Preds

The Metro Public Health Department has given the Nashville Predators the greenlight for 15 percent attendance capacity for its January home games, according to a report from The Athletic’s Adam Vingan.

Bridgestone Arena, which has a maximum capacity of 17,113 for hockey games, will be capped at about 2,566 fans due to COVID-19 restrictions. Per Vingan, the franchise is expected to allow a smaller number of fans initially and work its way up to the 15 percent limit as the month progresses.

Nashville’s COVID-19 numbers have been on the rise with 67,281 confirmed cases in Davidson County as of Tuesday — an increase of 365 from the mark of the previous day — with 6,867 active cases.

Initially, NHL officials said games would be played “in the home arenas of participating teams while understanding that most arenas will not, at least in the initial part of the season, be able to host fans.” But the officials later stated the league would leave attendance up to the discretion of local governments and health professionals.
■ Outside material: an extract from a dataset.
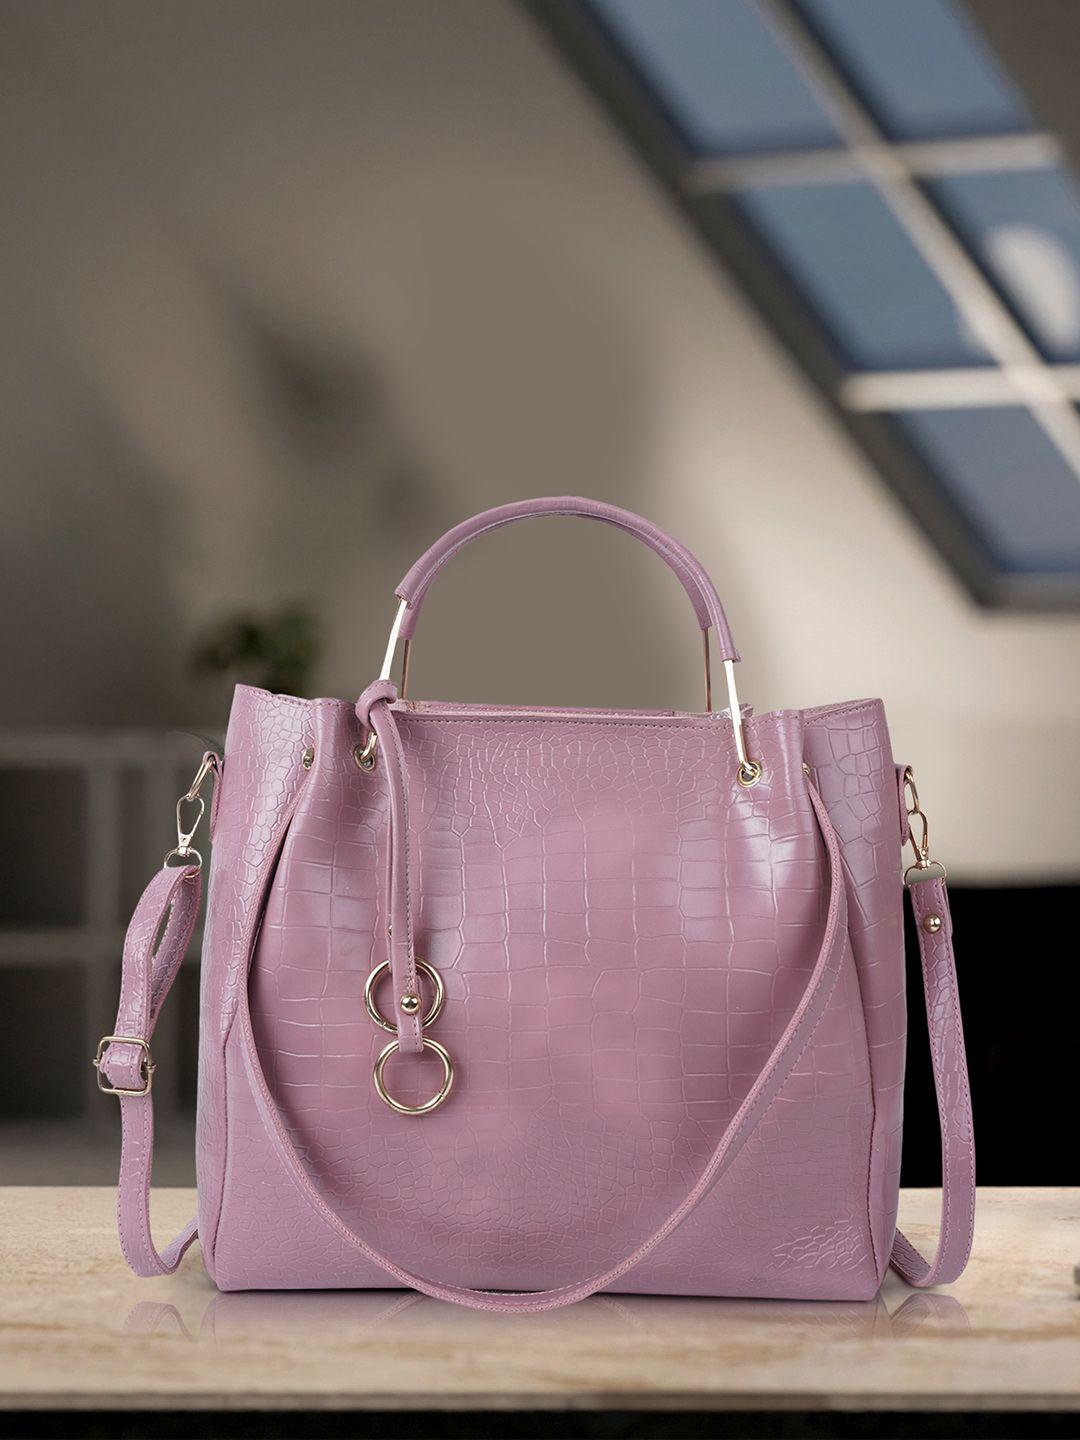 dressberry pink textured structured handheld bag with tasselled

“While we are well aware of the challenges ahead, as was the case last spring and summer, we are continuing to prioritize the health and safety of our participants and the communities in which we live and play,” NHL Commissioner Gary Bettman said in a statement last week.

The Predators have six home games in January: two-game homestands against the Columbus Blue Jackets (Jan. 14, 16), Carolina Hurricanes (Jan. 18, 19) and Chicago Blackhawks (Jan. 26, 27).

The NHL announced a week ago that it would return to the ice in January with training camp beginning on Jan. 3 and a 56-game regular season starting on Jan. 13 and running through May 8. No preseason games will be played.

Nashville will play in the realigned Central Division along with the Hurricanes, Blackhawks, Blue Jackets, Dallas Stars, Detroit Red Wings, Florida Panthers and defending Stanley Cup champion Tampa Bay Lightning.

The Predators will play all games within their new division to limit travel — as will be the case for all NHL teams — facing each Central Division team eight times. With the new arrangement, Nashville won’t play long-standing division rivals Winnipeg, Colorado, Minnesota and St. Louis.